Hungary has taken over the chair of the EU Council, but European pharma is unlikely to gain much from its surface enthusiam, writes Reflector.
A new, young, and supposedly business-friendly democracy has swung into European action this month. Hungary, one of the most recent countries to join the European Union, took over the chair of the Council of the EU at the start of 2011. It will have a crucial influence on what ministers from the 27 EU member states discuss over the next six months.
Its just-released programme purports to give new impetus to innovation as a central feature of European economic recovery and growth. The 56 pages of promises are full of references to ensuring competitiveness in a globalised world, to the merits of research, to the need to enhance education and training – and to the Europe2020 strategy cooked up last year as branding for a concerted EU bid for renewed growth and competitiveness.
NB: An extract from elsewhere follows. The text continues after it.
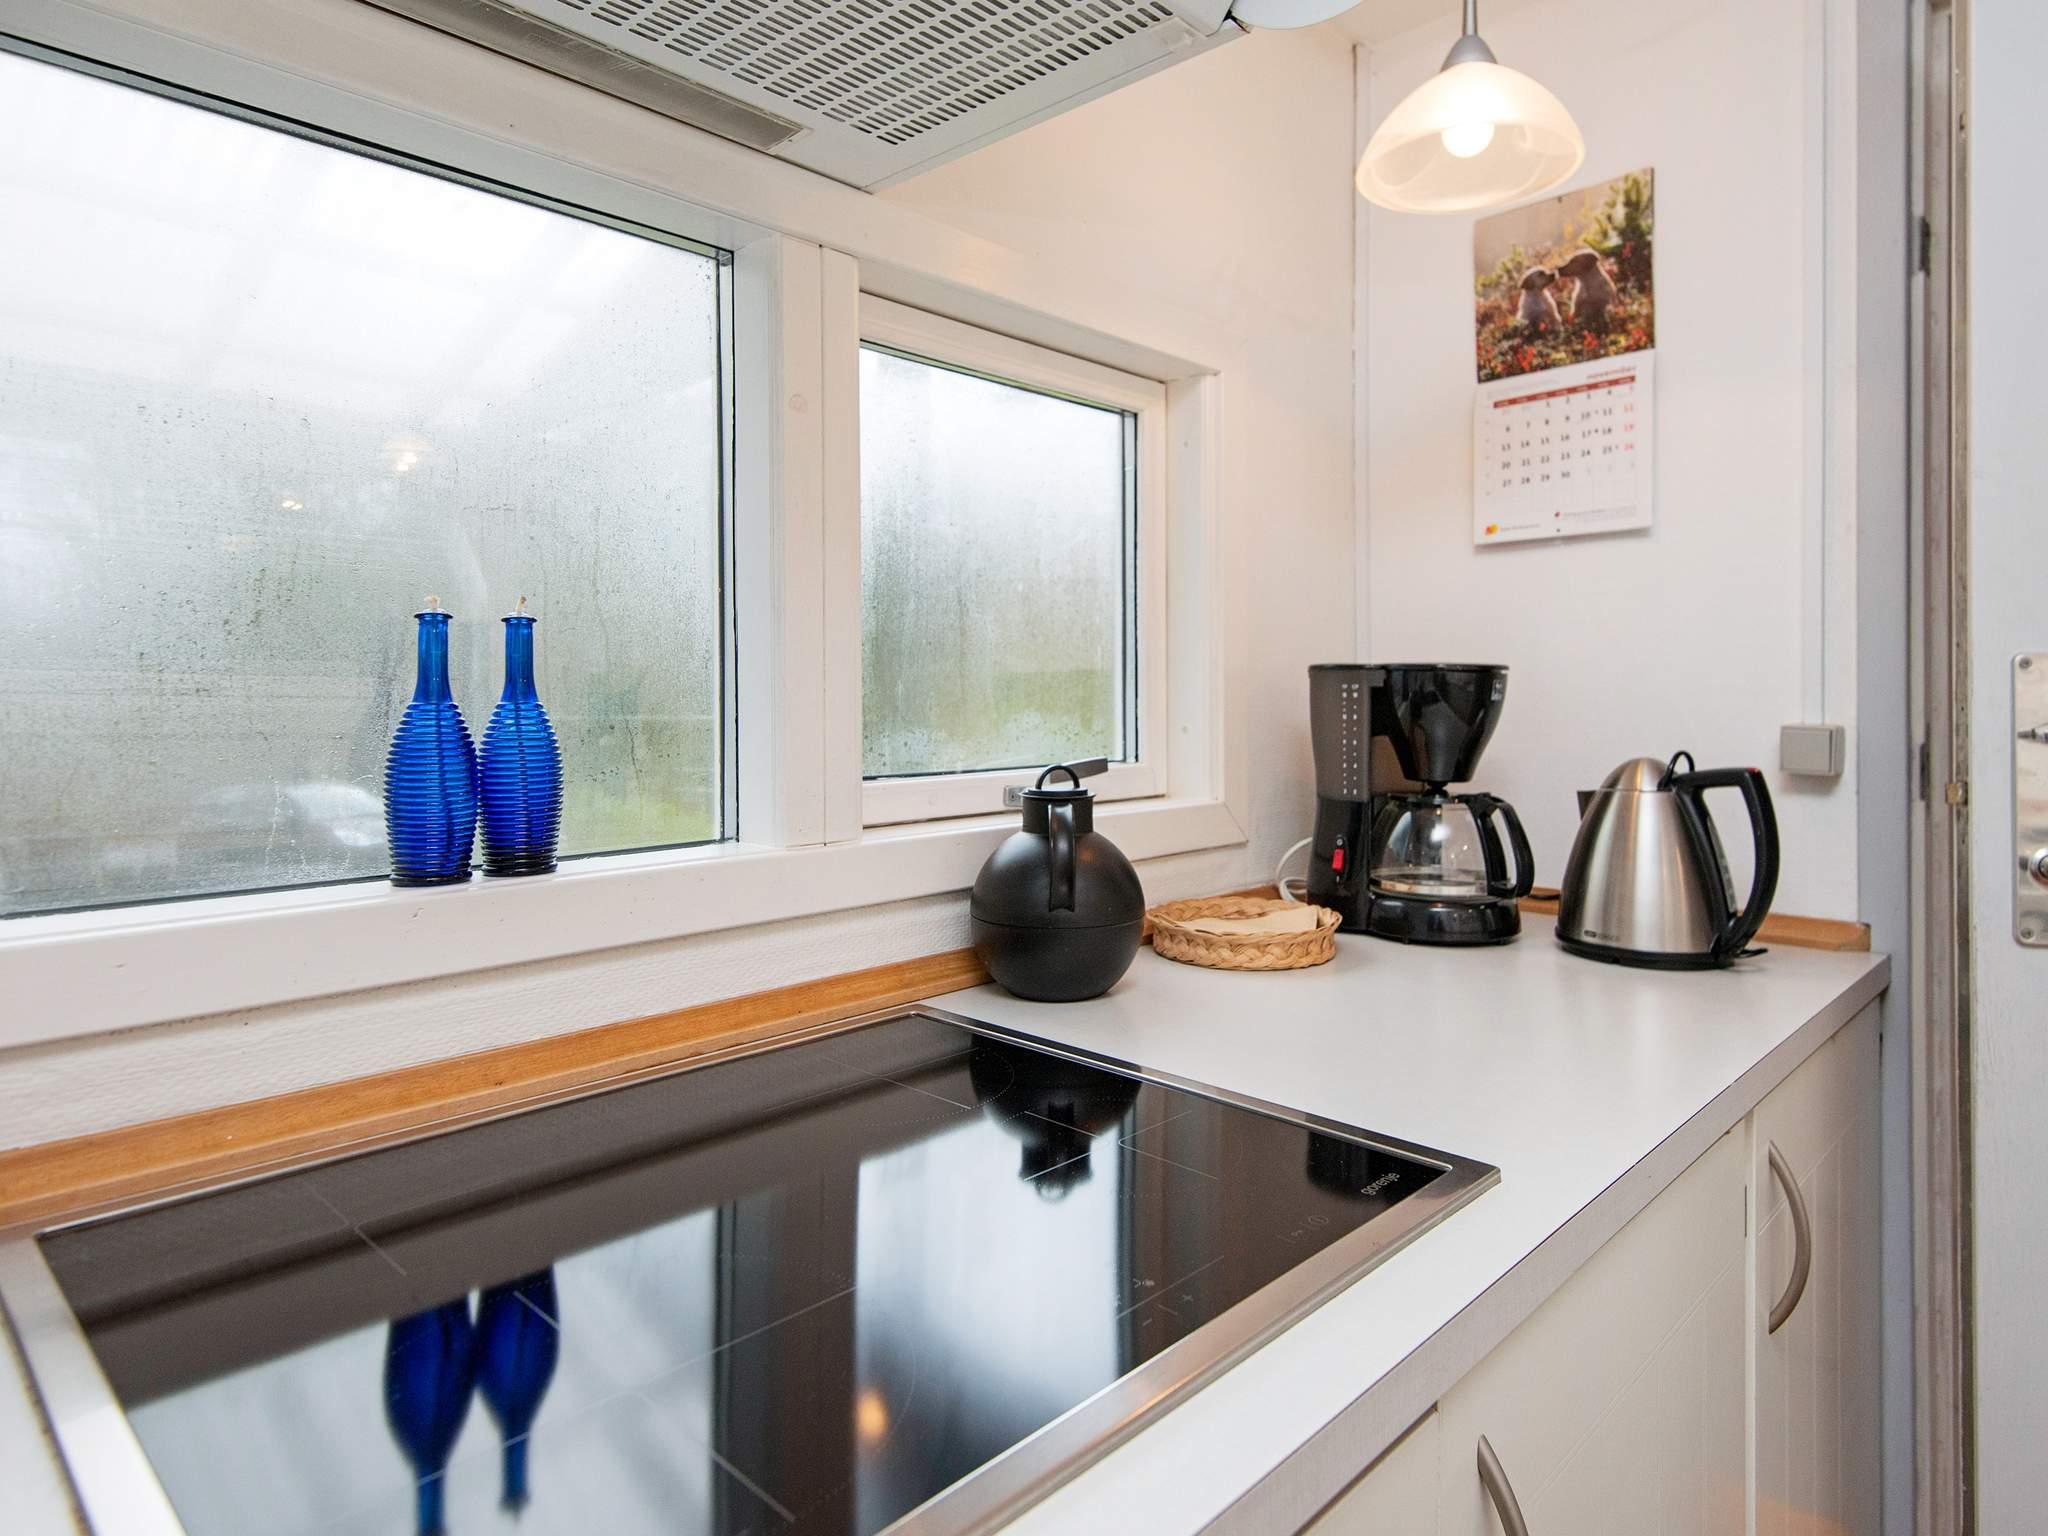 Ferienhaus Silkeborg (2355202), Silkeborg, , Ostjütland, Dänemark, Bild 5
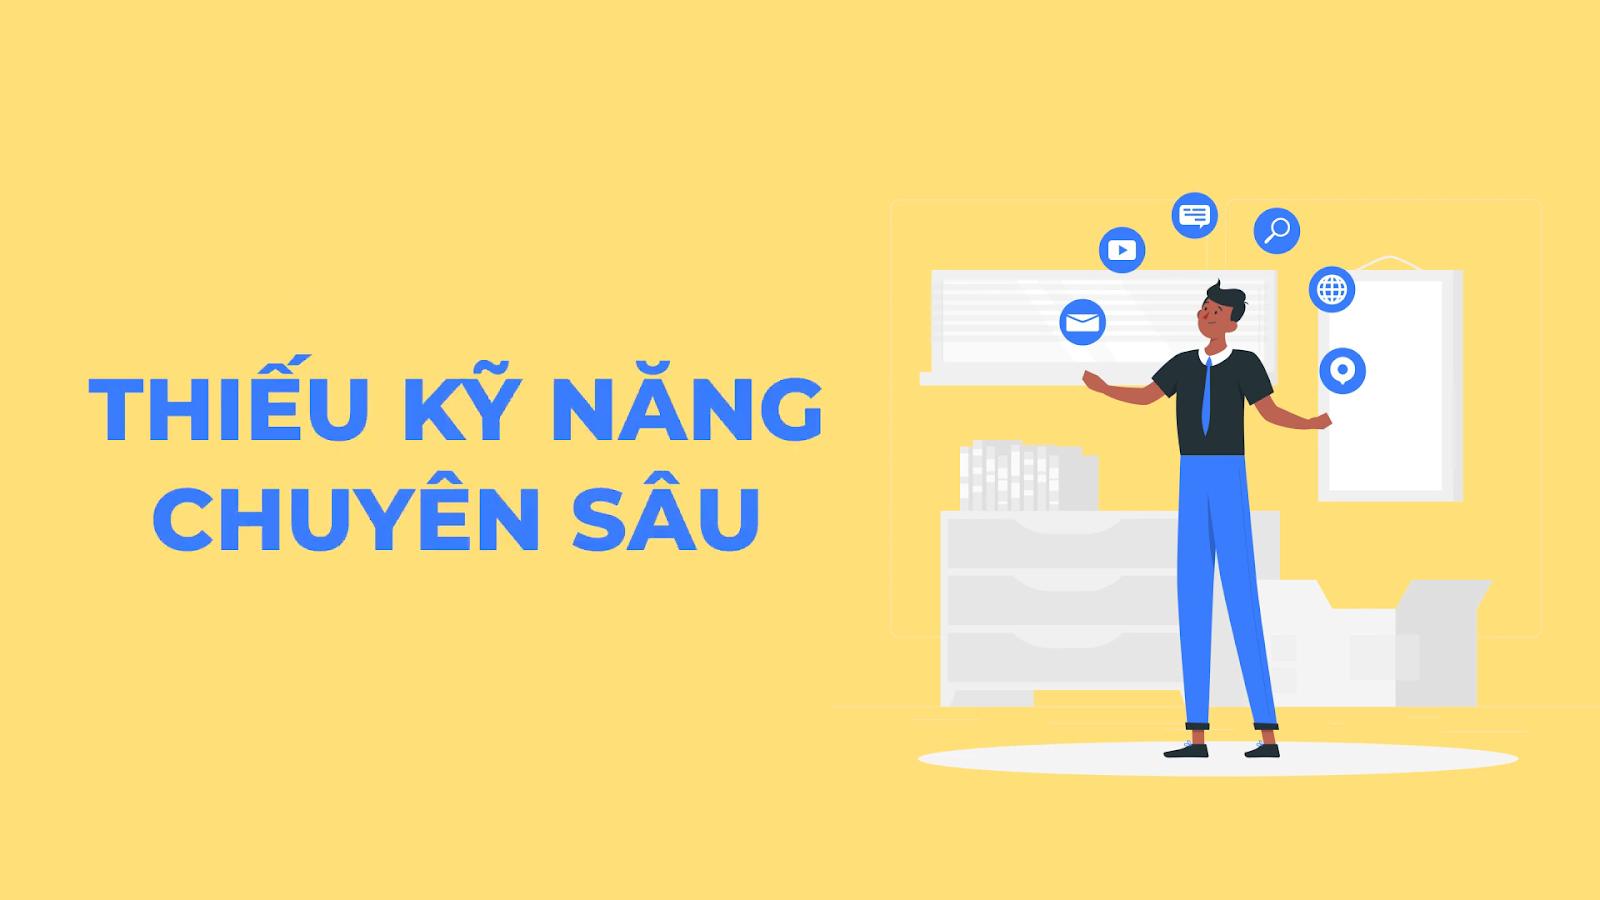 bo-phan-in-house-se-thieu-ky-nang-chuyen-sau-trong-mot-so-mang-cua-marketing-bat-dong-san

It is also planning for EU leaders to hold “a substantial debate on innovation” at their summit in early February.
“Europe offers unique opportunities for developing and distributing new technologies,” the Hungarian programme trills.
But what does it offer of interest to the pharmaceutical sector? Not much, is the answer.
There is a broad generalization about “ensuring the security of our citizens in the widest possible sense — taking into consideration private, economic, environmental, medical and other issues.”
But the only ambition specific to the pharma industry is that the new presidency “will seek to reach a positive outcome regarding the draft legislation on information to patients on medicinal products.”
While this may have the merit of tidiness, in wrapping up a debate that has been going on sporadically for two years, it is unlikely to bring any improvements to the operating conditions for the innovative pharma sector.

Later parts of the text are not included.